Crucibles
- Doug Weiss
- Mar 30
- 3 min read
I received a message today from a friend I lost track of some years ago. We met at a particularly fraught time, and our friendship was forged in the crucible of that trial. When his message arrived in my mailbox I was thrilled to hear from him, but as I read on I was distraught to learn of the adversities he had endured during the years since we last spoke. Living at opposite ends of the country, distance separated us but there was no distance when we connected. That is how it is when one has shared challenging times together. No amount of time or change alters that bond formed under the pressure of dire circumstances.
I try not to lose track of friends, especially those who have played a meaningful role in my life. I have many acquaintances but only a handful of people I count as true friends, and maybe that is the way it is with others, although in this day, the idea of lasting friendship seems almost passe´. So why did this man, who I knew for only six months or so before we were separated by geography, reach out to me after so many years of silence? Until a few years ago I had his address and contact information and wrote an annual Christmas card, emailed occasionally and made an effort to stay in touch, albeit less than I should have. As is so often the case, the day to day busyness of life and matters vying for my attention had a little to do with the slow drift from constant to diminishing contact. But then, one year the Christmas card came back undelivered, the email and phone numbers changed and I had no way to reconnect, that is until now.
I confess that hearing from my friend caused me to reflect on our first meeting, the time we spent together over those months, the nearly daily conversations we had on so many subjects and renewed in a bittersweet way the laughter and the tears, the upbeat days and the ones when I needed the support of someone who understood the daily grinding fear and exhaustion I was dealing with while trying to function and keep a positive attitude. In his message my friend reminded me of one of those moments when laughter was the tonic I badly needed..
He and his bride had spent their honeymoon backpacking across Europe. In Romania, short of funds and in a remote area they went into a gas station--the only place that sold food or beverages of any kind, to try to pull together a meal. Among the things they purchased but never consumed, was a bottle of wine. Learning that I enjoyed wine, my friend presented me with the bottle one day with great ceremony and hearing how he came by it we decided a toast was in order. It was every bit as awful as you can imagine it would be. Gas station Romanian wine is not likely to be featured on any list, anywhere, although it might be a reasonable substitute for diesel fuel in a pinch. But the absurdity of it all caused a ripple of laughter among all gathered, and as is sometimes the case, especially when emotions are taut, we laughed until tears came to our eyes.
I can still recall that day and obviously it made the same impression on my friend. It reminded me of two important lessons.

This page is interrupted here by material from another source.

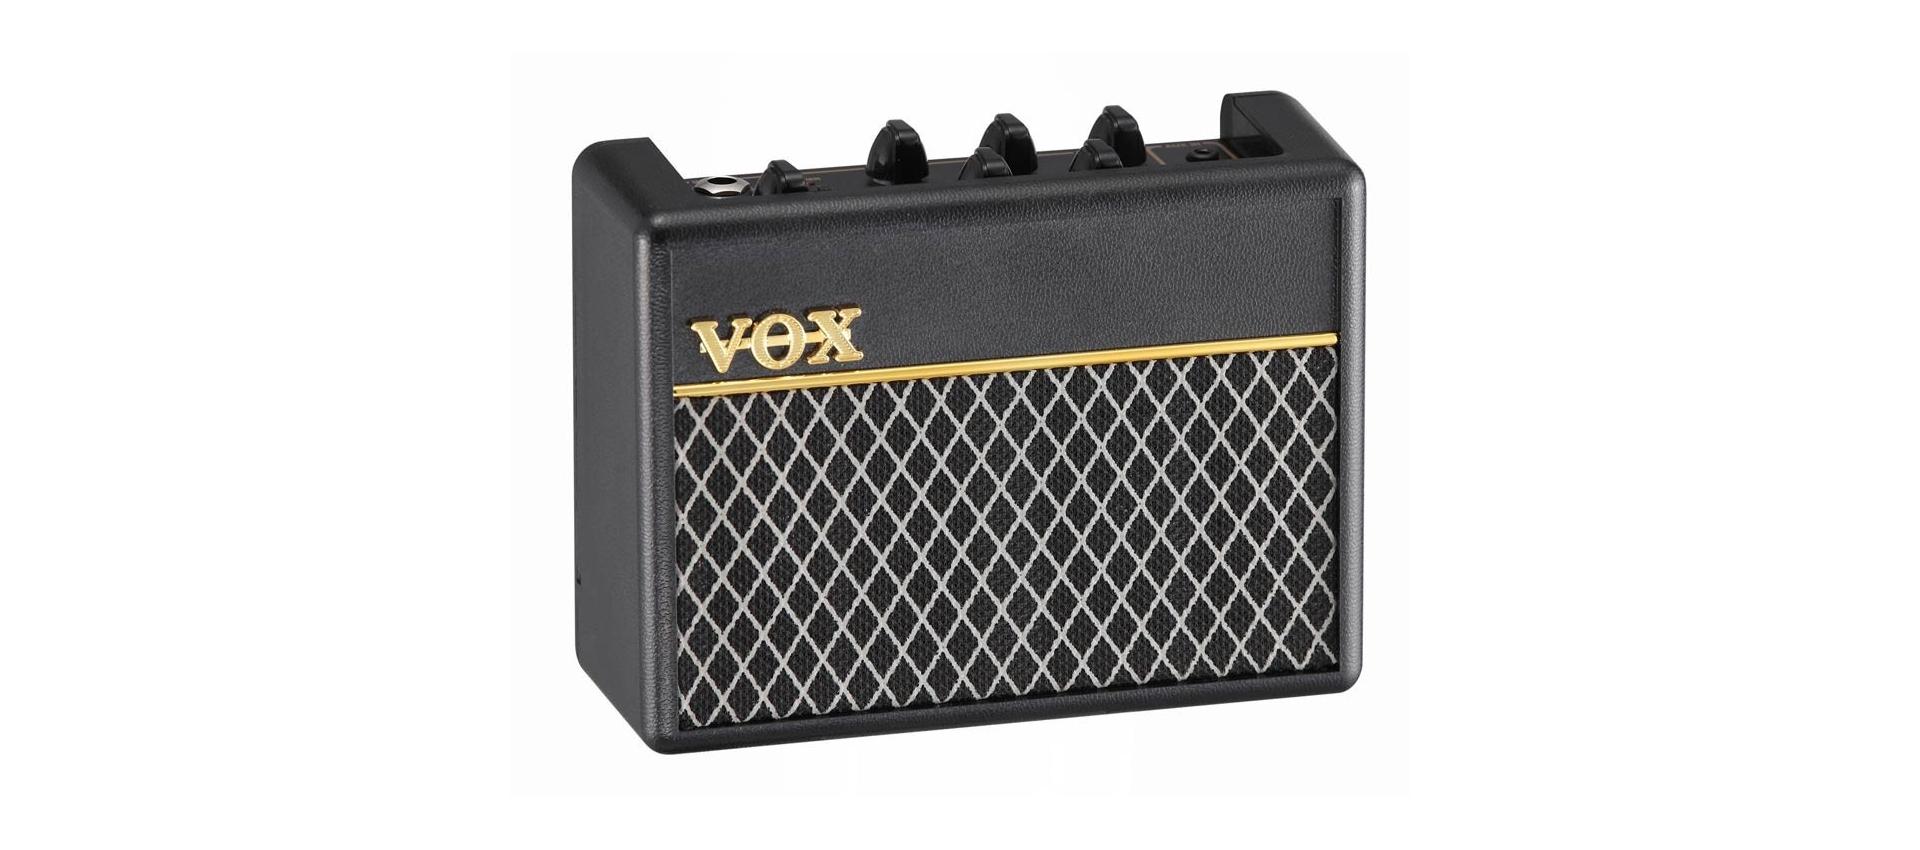 vox ac1 rv bass mini amp combo per basso. Black Bedroom Furniture Sets. Home Design Ideas

In trying times, such as we face at present, its more important than ever to surround yourself with the people in your life who understand, who will be there for you and you for them, no matter what lies ahead. Crucibles exert pressure, the kind that can break you and bring you to your knees. I've been there and I've been lifted up by such friends. It is equally important to find something to laugh about in the midst of absurdity--of pressure, of pain. We may be crying the next hour or day but for a moment, laughter has the power of perspective and the promise that one day, although we may not know when, things will be better.
Although my friend's challenges occurred some years ago, during the time we were out of contact, it's never too late to commiserate and comfort. We have some catching up to do and some healing to experience and of course, we have some laughing to do, but it won't be over a glass of gas station wine.